Extremal point in some compact and convex set is a permutation

Question

Assume that $P$ is a compact and convex set in $\mathbb{R}^N$. Then $x\in P$ is extremal point of $P$ s.t. $x=tv+(1-t)w$ for some $v,\ w\in P$ and some $t\in (0,1)$ implies $$ x=v=w$$

Problem : If $N=n^2$, define a compact and convex subset $P$ which is set of all $x$ : $$\sum_jx_{ij} =\sum_j x_{ji}=1 $$ and $$ x_{ij}\geq 0 $$ Then prove that set of all extremal point in $P$ is a set of all permutation matrices.

Proof : By considering a sphere of radius $\sqrt{n}$, note that all permutation matrices are extremal points.

However, I can not invest around a hyperplane $x_{ij}=0$. How can we prove this ?

Thank you in advance.

Answer 1

To prove other direction suppose you have extremal matrix which is not permutation! Think about a matrix which is not permutation matrix , in this matrix always you can find (at least )four entries say $a,b,c,d $ such that $ 0 <a,b,c,d <1 $ and $\min\{a,b,c,d\} = a$. Then try to rewrite this matrix in terms of mid point of two other matrices in $P$. This gives you a contradiction.

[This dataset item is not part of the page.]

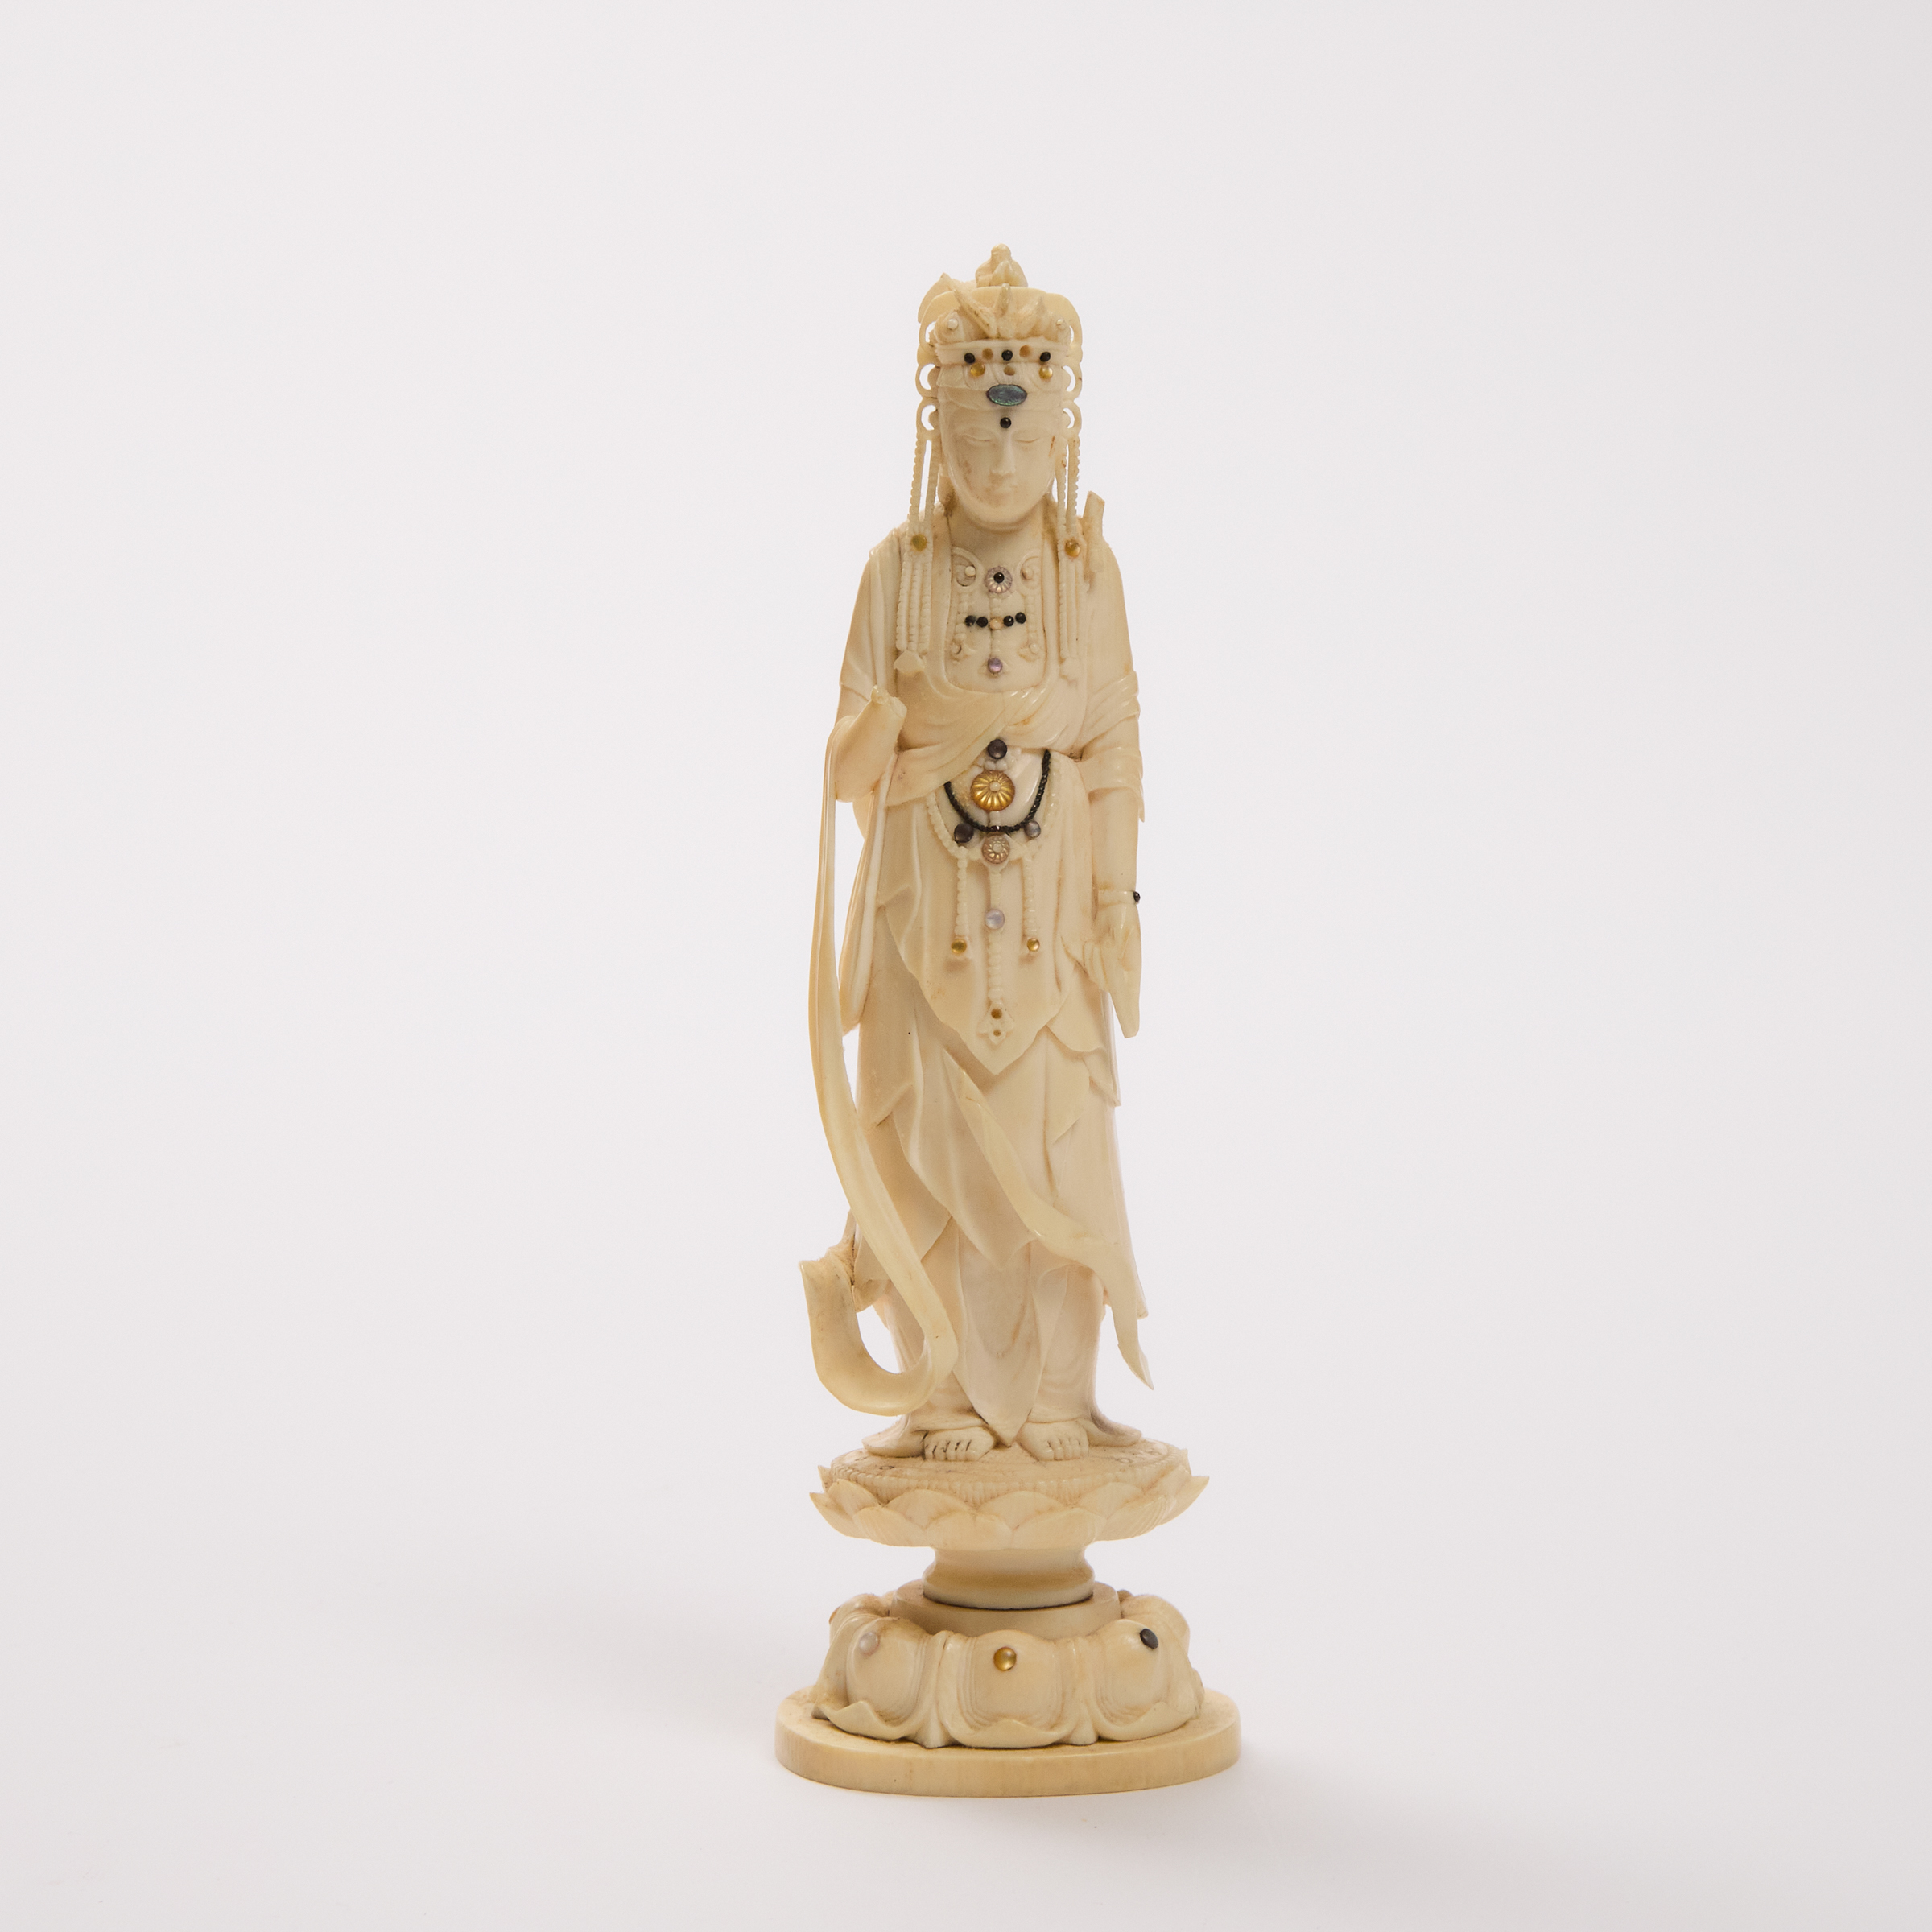 A Shibayama-Inlaid Ivory Figure

for example in $\Bbb R^{3 \times 3}$ we have

$$ \begin{bmatrix} 1 &0 &0 \\ 0& a &c \\ 0& b& d \end{bmatrix} = \frac{1}{2} \begin{bmatrix} 1 &0 &0 \\ 0& 0 & c+a \\ 0& b+a & d-a \end{bmatrix} + \frac{1}{2} \begin{bmatrix} 1 &0 &0 \\ 0& a +a &c-a \\ 0& b - a & d+a \end{bmatrix} $$

You can generalize this idea to $\Bbb R^{n \times n}$

Answer 2

The permutation matrices are exactly $\mathbb{Z}^{n^2} \cap P $ so if a matrix $M$ is extremal but not a permutation matrix, there is a non-integer entry $x_{i_1, j_1}$.

Since sum of lines and of columns is integer there is another entry $x_{i_1, \sigma (j_1)}$ that is non-integer, and another entry $x_{\tau(i_1), \sigma(j_1)}$, call $i_2 = \tau(i_1) $ and $j_2 = \sigma(j_1) $, repeat the process until you repeat an entry. wlog you repeat the original entry $(i_1, j_1) = (i_{m+1}, j_{m+1})$.

Now $M = M_{-\epsilon} /2 + M_{+\epsilon }/2 $ where $M_{+\epsilon } $ is obtained from $M$ by: - adding $\epsilon $ to all the entries $(i_k, j_k)$ - subtracting $\epsilon $ to all the entries $(i_k, j_{k+1})$

And $M_{-\epsilon } $ is obtained from $M$ by: - subtracting $\epsilon $ to all the entries $(i_k, j_k)$ - adding $\epsilon $ to all the entries $(i_k, j_{k+1})$

Now choose $\epsilon $ close enough to $0$ so that both $M_{\pm \epsilon}$ lie in $P$. Hence $M$ is not extremal. Done.